Do you think this might eventually grow into something like
"allow only lookup operation for this specific map"? If yes, maybe it
makes sense to separate token-create vs token-add-capability operations?

BPF_TOKEN_CREATE would create a token that can't do anything. Then you
would call a bunch of BPF_TOKEN_ALLOW with maybe op=SYSCALL_CMD
value=BPF_TOKEN_CREATE.

This will be more future-proof plus won't really depend on having a
bitmask in the uapi. Then the users will be able to handle
BPF_TOKEN_ALLOW{op=SYSCALL_CMD value=SOME_VALUE_NOT_SUPPORTED_ON_THIS_KERNEL}
themselves (IOW, BPF_F_TOKEN_IGNORE_UNKNOWN_CMDS won't be needed).

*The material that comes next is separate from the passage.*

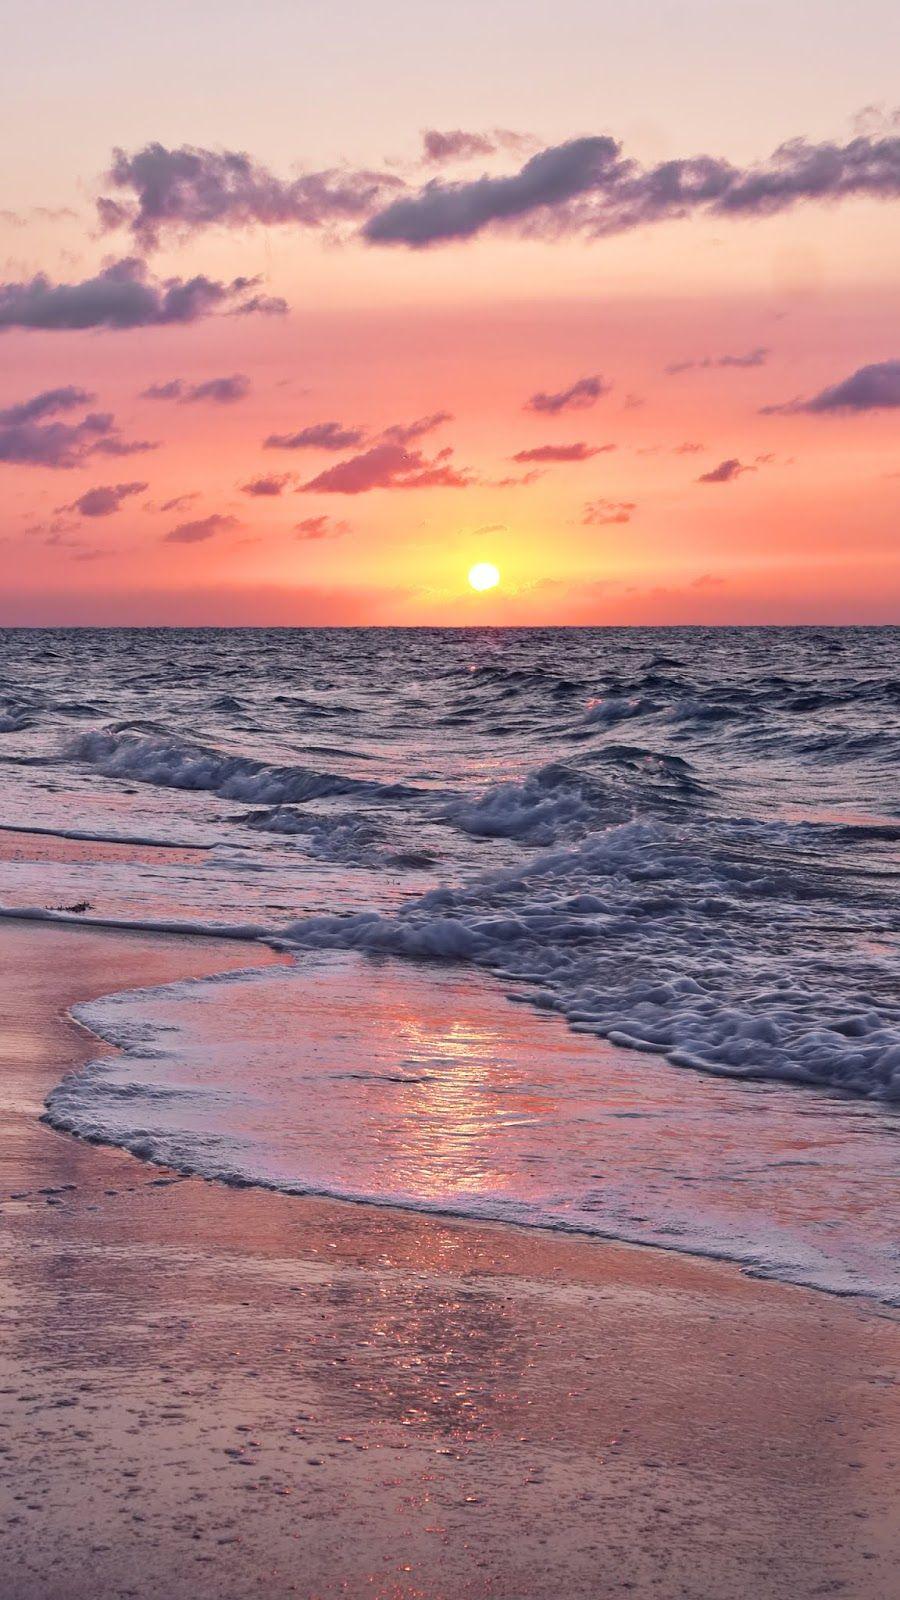 Stunning Sunset Sky Beach Sunset Wallpaper Sunset Wallpaper Beach Wallpaper

Andrii Nakryiko June 5, 2023, 8:56 p.m. UTC | #4
On Fri, Jun 2, 2023 at 6:32 PM Stanislav Fomichev <sdf@google.com> wrote:
>
> On 06/02, Andrii Nakryiko wrote:
> > Add new kind of BPF kernel object, BPF token. BPF token is meant to to
> > allow delegating privileged BPF functionality, like loading a BPF
> > program or creating a BPF map, from privileged process to a *trusted*
> > unprivileged process, all while have a good amount of control over which
> > privileged operation could be done using provided BPF token.
> >
> > This patch adds new BPF_TOKEN_CREATE command to bpf() syscall, which
> > allows to create a new BPF token object along with a set of allowed
> > commands. Currently only BPF_TOKEN_CREATE command itself can be
> > delegated, but other patches gradually add ability to delegate
> > BPF_MAP_CREATE, BPF_BTF_LOAD, and BPF_PROG_LOAD commands.
> >
> > The above means that BPF token creation can be allowed by another
> > existing BPF token, if original privileged creator allowed that. New
> > derived BPF token cannot be more powerful than the original BPF token.
> >
> > BPF_F_TOKEN_IGNORE_UNKNOWN_CMDS flag is added to allow application to do
> > express "all supported BPF commands should be allowed" without worrying
> > about which subset of desired commands is actually supported by
> > potentially outdated kernel. Allowing this semantics doesn't seem to
> > introduce any backwards compatibility issues and doesn't introduce any
> > risk of abusing or misusing bit set field, but makes backwards
> > compatibility story for various applications and tools much more
> > straightforward, making it unnecessary to probe support for each
> > individual possible bit. This is especially useful in follow up patches
> > where we add BPF map types and prog types bit sets.
> >
> > Lastly, BPF token can be pinned in and retrieved from BPF FS, just like
> > progs, maps, BTFs, and links. This allows applications (like container
> > managers) to share BPF token with other applications through file system
> > just like any other BPF object, and further control access to it using
> > file system permissions, if desired.
> >
> > Signed-off-by: Andrii Nakryiko <andrii@kernel.org>
> > ---
> >  include/linux/bpf.h            |  34 +++++++++
> >  include/uapi/linux/bpf.h       |  42 ++++++++++++
> >  kernel/bpf/Makefile            |   2 +-
> >  kernel/bpf/inode.c             |  26 +++++++
> >  kernel/bpf/syscall.c           |  74 ++++++++++++++++++++
> >  kernel/bpf/token.c             | 122 +++++++++++++++++++++++++++++++++
> >  tools/include/uapi/linux/bpf.h |  40 +++++++++++
> >  7 files changed, 339 insertions(+), 1 deletion(-)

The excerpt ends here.